Créditos: Juan José Guillén / Prensa Comunitaria.
Tiempo de lectura: 3 minutos

Por Espartaco Rosales

Parte de mi niñez y adolescencia están marcados por interrupciones abruptas. Se trata de círculos que no llegaron a cerrarse, de puertas que se quedaron abiertas, de cristales rotos intempestivamente. Y cada etapa que se quedaba abierta, estaba sellada por el miedo y el silencio.

El miedo se presentó en camiones militares que aparecían de pronto, en la esquina de cualquier calle de la capital guatemalteca a realizar cateos, allanamientos y vejaciones. El miedo surgió en marchas marciales, por la radio, que interrumpían el curso de la vida para anunciar la sustitución de un jefe militar y la llegada de otro. El miedo estaba en cada cuadra, en el parque, camino a la escuela.

El miedo, después, tomó la forma de un general golpista que todos los domingos, por la noche, aparecía en la pantalla de televisión e invadía el hogar. Se dirigía directamente al público, como si estuviera en casa, y acusaba con el dedo y vociferaba y regañaba.

Con el paso de los años, aquel rostro reapareció una y otra vez y su presencia se convirtió en cotidianidad permanente. La misma voz, el mismo tono. La misma elocuencia. Sin embargo, el miedo dio lugar a la reflexión, al análisis y a la decisión definitiva de oponerme a lo que aquel hombre representaba y, sobre todo, a los intereses cupulares mezquinos y caducos que defendía.

Hace 10 años, el rostro transfigurado, desencajado, del hoy anciano militar, apareció en fotografías que rápidamente se propagaron por todo el mundo. Un juicio histórico lo había condenado a 80 años de prisión, al ser encontrado culpable de ordenar el genocidio de la etnia ixil guatemalteca.[1]

Sus ojos denotaban desorientación, trastorno. Se hallaba fuera de lugar, pues estaba atravesando una línea imaginaria que nunca sospechó cruzar: pasó del lado oscuro de la impunidad, al recién encendido foco de la justicia guatemalteca.

La imagen me hizo recordar el tiempo del miedo, pero también el de la esperanza. Me hizo pensar en quienes tomaron un clavel alguna vez y marcharon por las calles o las carreteras de Guatemala. Me hizo pensar en quienes gritaron con el puño en alto, en quienes fueron asesinados y también en los que sobrevivieron. Me hizo pensar en quienes perdieron todos sus derechos y se quedaron sin nada y en quienes, hasta el final, siempre han creído que el verdadero cambio, en un país como Guatemala, es posible.

La sentencia emitida tiene varias aristas. Por un lado, el general vivía su propio laberinto en una pequeña celda, en un cuartel militar. Él y su equipo de abogados intentaron, desde luego, modificar la sentencia y asistimos a la trágica cancelación del fallo y al intento por querer negar, una vez más, la historia.

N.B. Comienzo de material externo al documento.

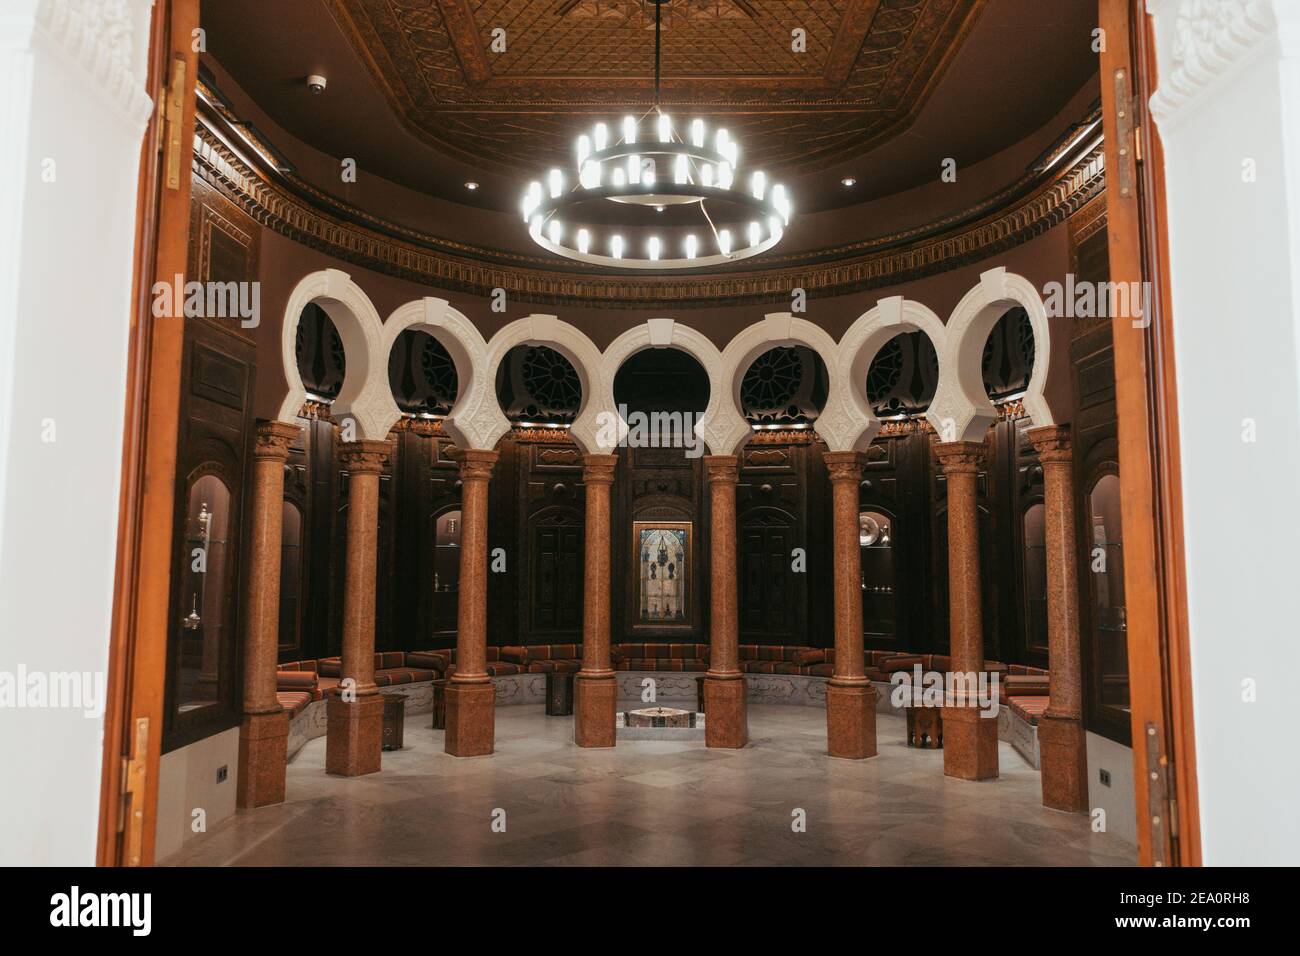 An ornate room with stone pillars inside the Sursock Museum, Beirut, Lebanon Stock Photo

Presenciamos esa realidad terrible en la que la justicia responde a los intereses del status quo, y se queda anclada en el pasado o responde al dictado de una clase que detenta el poder y que lo usa. Pero aun así, se trató de un intento vano, vacío, muerto, pues la historia no marcha nunca hacia atrás.

Por otro lado, debe darse valor a esa parte de la sentencia que tuvo que ver con el resarcimiento. No se trata de algo menor ni mucho menos.

Finalmente, no hay que pasar por alto que quienes utilizaron al general y lo pusieron allí —para que defendiera sus intereses y se manchara las manos de sangre, con su anuencia—, se han exhibido solos. La oligarquía de antes —y la de ahora—, también es culpable (lo cual obliga a prevenirse, pues siempre es probable el coletazo del monstruo herido).

Gracias a una fiscal merecedora del respeto y la admiración más profunda, gracias a la labor de jueces que actuaron de forma impecable y gracias al testimonio valiente de quienes subieron al estrado para hacernos más humanos, el delgado velo del silencio se ha roto, y en el rostro de Guatemala se asoma, una vez más, una veta de esperanza.